BUG: Too much AST nesting causes pathological blowup
I've tried minimising this (reasonably) as much as I can (each step takes ages to test). With SBT set to use 1GB heap, a wiki consisting of the following page (and a small home page, but I'm sure that won't make the difference):
# Bla
@:callout(info)
* Bla
@:callout(warning)
* There is a bug that involves nesting and exponential growth:
* ```scala
val foo =
bar <**> Bar(bar)
```
```scala
val foo = Bar(bar, "bla" ~> bla <~ "bla")
```
`bar` **baz**.
* ```scala
val foo =
Bar(bar, "blaaa" ~> bla <~ "bla").label("bar")
```
Bla bla, bla bla bla bla bla, bla bla bla `bla` *bla* bla bla bla.
Bla bla bla bla bla.
Bla, bla `Bar` bla bla bla: `bar`;
bla blabla blabla bla bla bla bla _bla_ bla, bla bla bla bla **bla bla**
bla bla `bridge` bla bla blabla blablabla.
@:@
@:@
Will crash with an out of memory error, consuming all 1GB of ram. The stack trace varies as the document size is altered, but the one constant is reference to BlockSource.reverse et al:
java.lang.OutOfMemoryError: Java heap space
at java.base/java.lang.StringBuilder.toString(StringBuilder.java:475)
at scala.collection.mutable.StringBuilder.toString(StringBuilder.scala:433)
at scala.collection.mutable.StringBuilder.result(StringBuilder.scala:449)
at scala.collection.mutable.StringBuilder.result(StringBuilder.scala:34)
at scala.collection.IndexedSeqOptimized.reverse(IndexedSeqOptimized.scala:226)
at scala.collection.IndexedSeqOptimized.reverse$(IndexedSeqOptimized.scala:218)
at scala.collection.immutable.StringOps.reverse(StringOps.scala:33)
at laika.parse.LineSource.reverse(SourceCursor.scala:229)
at laika.parse.BlockSource.$anonfun$reverse$1(SourceCursor.scala:341)
at laika.parse.BlockSource$$Lambda/0x0000776d75bd0000.apply(Unknown Source)
at scala.collection.immutable.List.map(List.scala:297)
at cats.data.Chain.map(Chain.scala:220)
at cats.data.NonEmptyChainOps$.map$extension(NonEmptyChain.scala:387)
at laika.parse.BlockSource.reverse(SourceCursor.scala:341)
at laika.parse.BlockSource.reverse(SourceCursor.scala:292)
at laika.parse.LineSource.reverse(SourceCursor.scala:229)
at laika.parse.BlockSource.$anonfun$reverse$1(SourceCursor.scala:341)
at laika.parse.BlockSource$$Lambda/0x0000776d75bd0000.apply(Unknown Source)
at scala.collection.TraversableLike.$anonfun$map$1(TraversableLike.scala:286)
at scala.collection.TraversableLike$$Lambda/0x0000776d741c3400.apply(Unknown Source)
at scala.collection.Iterator.foreach(Iterator.scala:943)
at scala.collection.Iterator.foreach$(Iterator.scala:943)
at scala.collection.AbstractIterator.foreach(Iterator.scala:1431)
at scala.collection.IterableLike.foreach(IterableLike.scala:74)
at scala.collection.IterableLike.foreach$(IterableLike.scala:73)
at scala.collection.AbstractIterable.foreach(Iterable.scala:56)
at scala.collection.TraversableLike.map(TraversableLike.scala:286)
at scala.collection.TraversableLike.map$(TraversableLike.scala:279)
at scala.collection.AbstractTraversable.map(Traversable.scala:108)
at cats.data.Chain.map(Chain.scala:220)
at cats.data.NonEmptyChainOps$.map$extension(NonEmptyChain.scala:387)
at laika.parse.BlockSource.reverse(SourceCursor.scala:341)
[error] [launcher] error during sbt launcher: java.lang.OutOfMemoryError: Java heap space
This seems like a pathological exponential blow up going on.

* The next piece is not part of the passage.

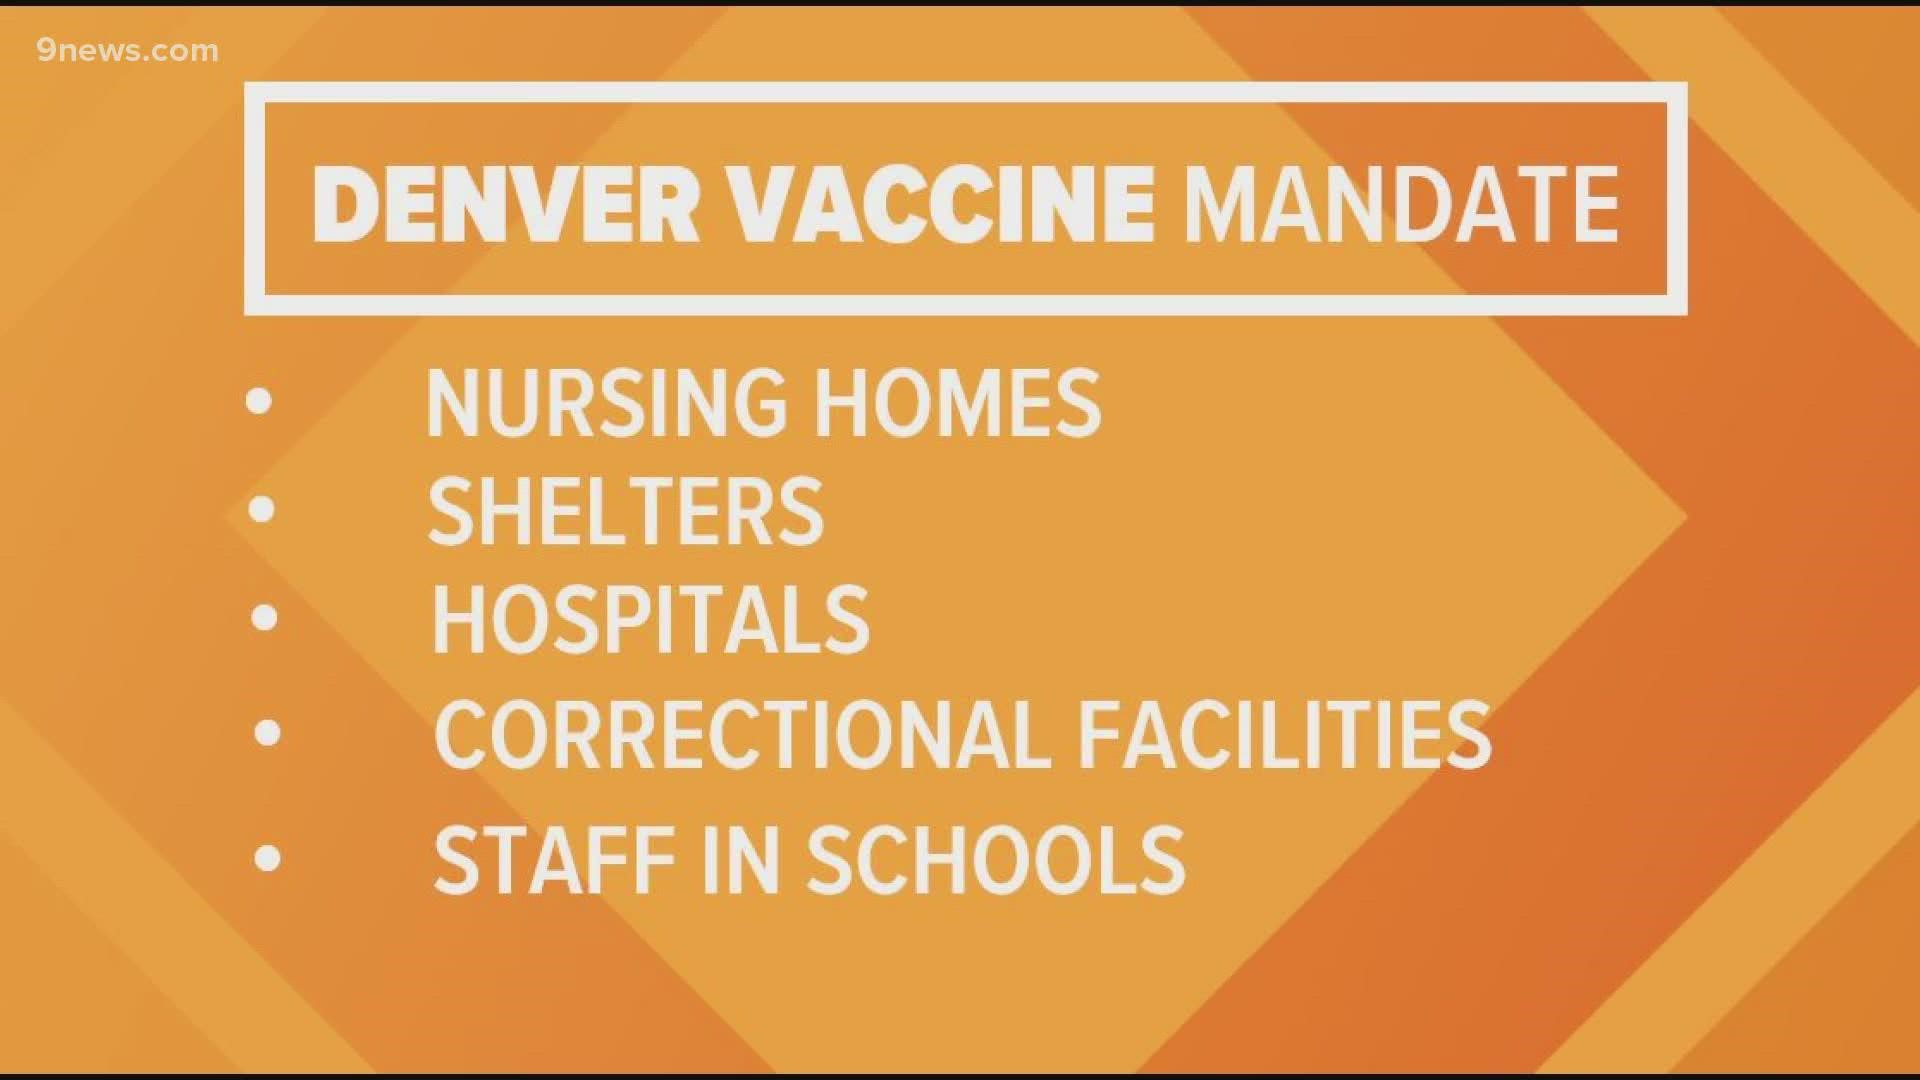 Mayor Michael Hancock says the city will mandate all city employees and private sector workers in high-risk settings be vaccinated against COVID-19 by Sept. 30.

I do not know that this is the issue, but I wanted to link this prior issue that I had with weird markup and surprisingly complexity issues in parsing:
https://github.com/typelevel/Laika/issues/341
Totally naively, I wonder if you ditch the asterisks if your perf issue would decrease?
It's possible. The asterisk parsing no doubt triggers special logic to rule out emph/bold and likely requires reverse. I do have a plan to at least improve the performance of the parser somewhat by reducing redundant string copying when the reversing happens (in effect the whole file is copied several times during the stack traces that lead to memory exhaustion). However, if - also works for bullets, that might fix my issue in the "immediate"-term. Long term, it would be good to investigate more deeply
Alas, bullets not asterisks, it seems: * and - are no different.